Lastly, the research conducted by Venkatakrishnan and colleagues delves into how various distractions can mitigate the effects of cybersickness, finding that auditory, cognitive, and especially visual distractions can reduce symptoms. This insight offers valuable strategies for cybersickness relief. Their study induced cybersickness through the exploration of a virtual cityscape, identifying reading as one of the potential distractions that could alleviate these effects. In contrast, our research contends that reading, while a visual distraction, may also provoke cybersickness. We suggest that reading might serve as an effective distraction not because it is symptom-free, but rather because the level of cybersickness it generates is substantially lower than that caused by navigating through a virtual environment.

Conclusion

Our research reveals that the influence of both text display patterns and user characteristics on cybersickness is substantial. Text display elements such as intricate text movement modes, pace, and color selection are pivotal considerations for AR application developers, given their significant impact on users’ reading and searching experiences. These elements must be optimized to minimize cybersickness and safeguard user experience, particularly since cybersickness can compromise vestibular function and oculomotor control, consequently affecting decision-making and search efficiency. These insights pave the way for developing strategies to prevent and mitigate AR cybersickness.

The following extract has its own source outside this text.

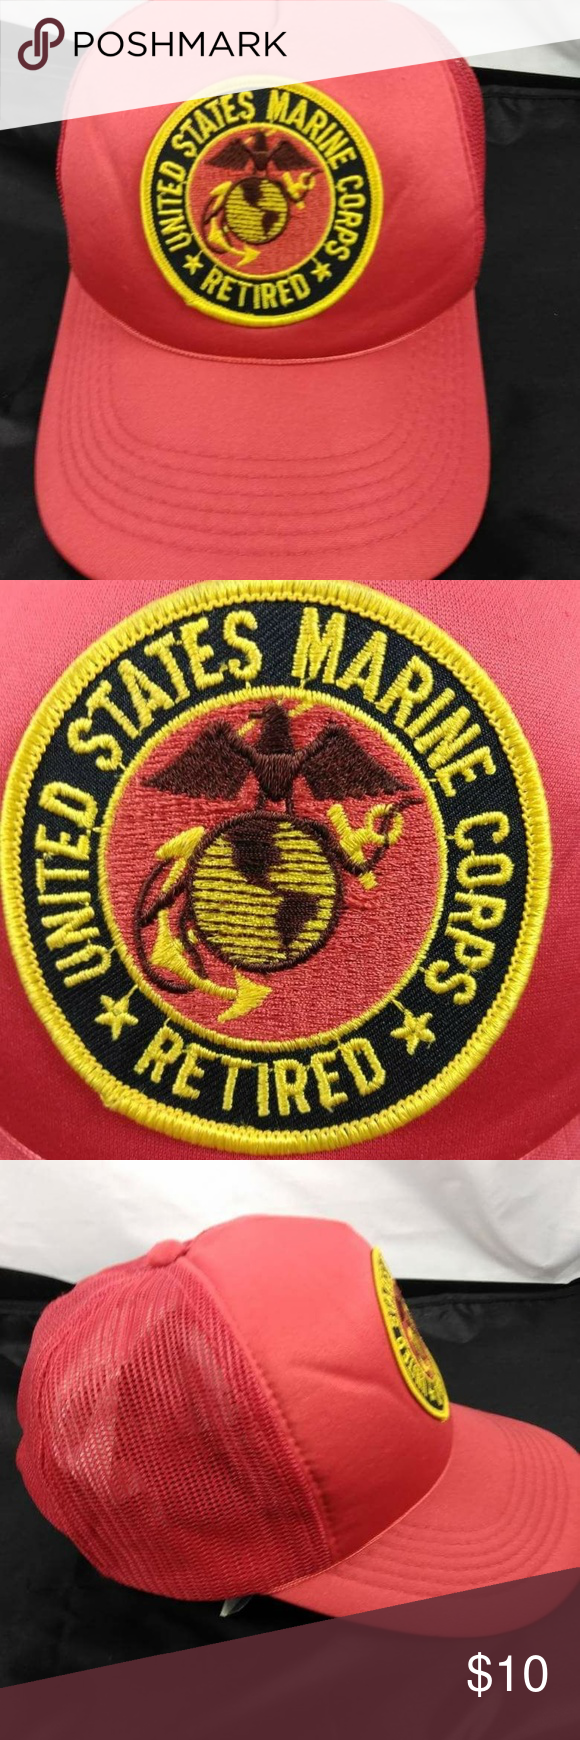 8f0b97d59f6 VTG Retired USMC YoungAn Hat Co. Snapback in 2018

Concurrently, the influence of user-specific traits is undeniable. Satiety, in particular, has been identified as a key predictor of cybersickness, spotlighting the need for further research to unravel the factors underpinning this effect. Moreover, past AR experience has been shown to play a pivotal role, especially as cybersickness intensifies. Thus, allowing users to acclimate to AR environments through pre-training at lower cybersickness intensities could prove beneficial, particularly in situations where exposure to higher intensity levels is inevitable.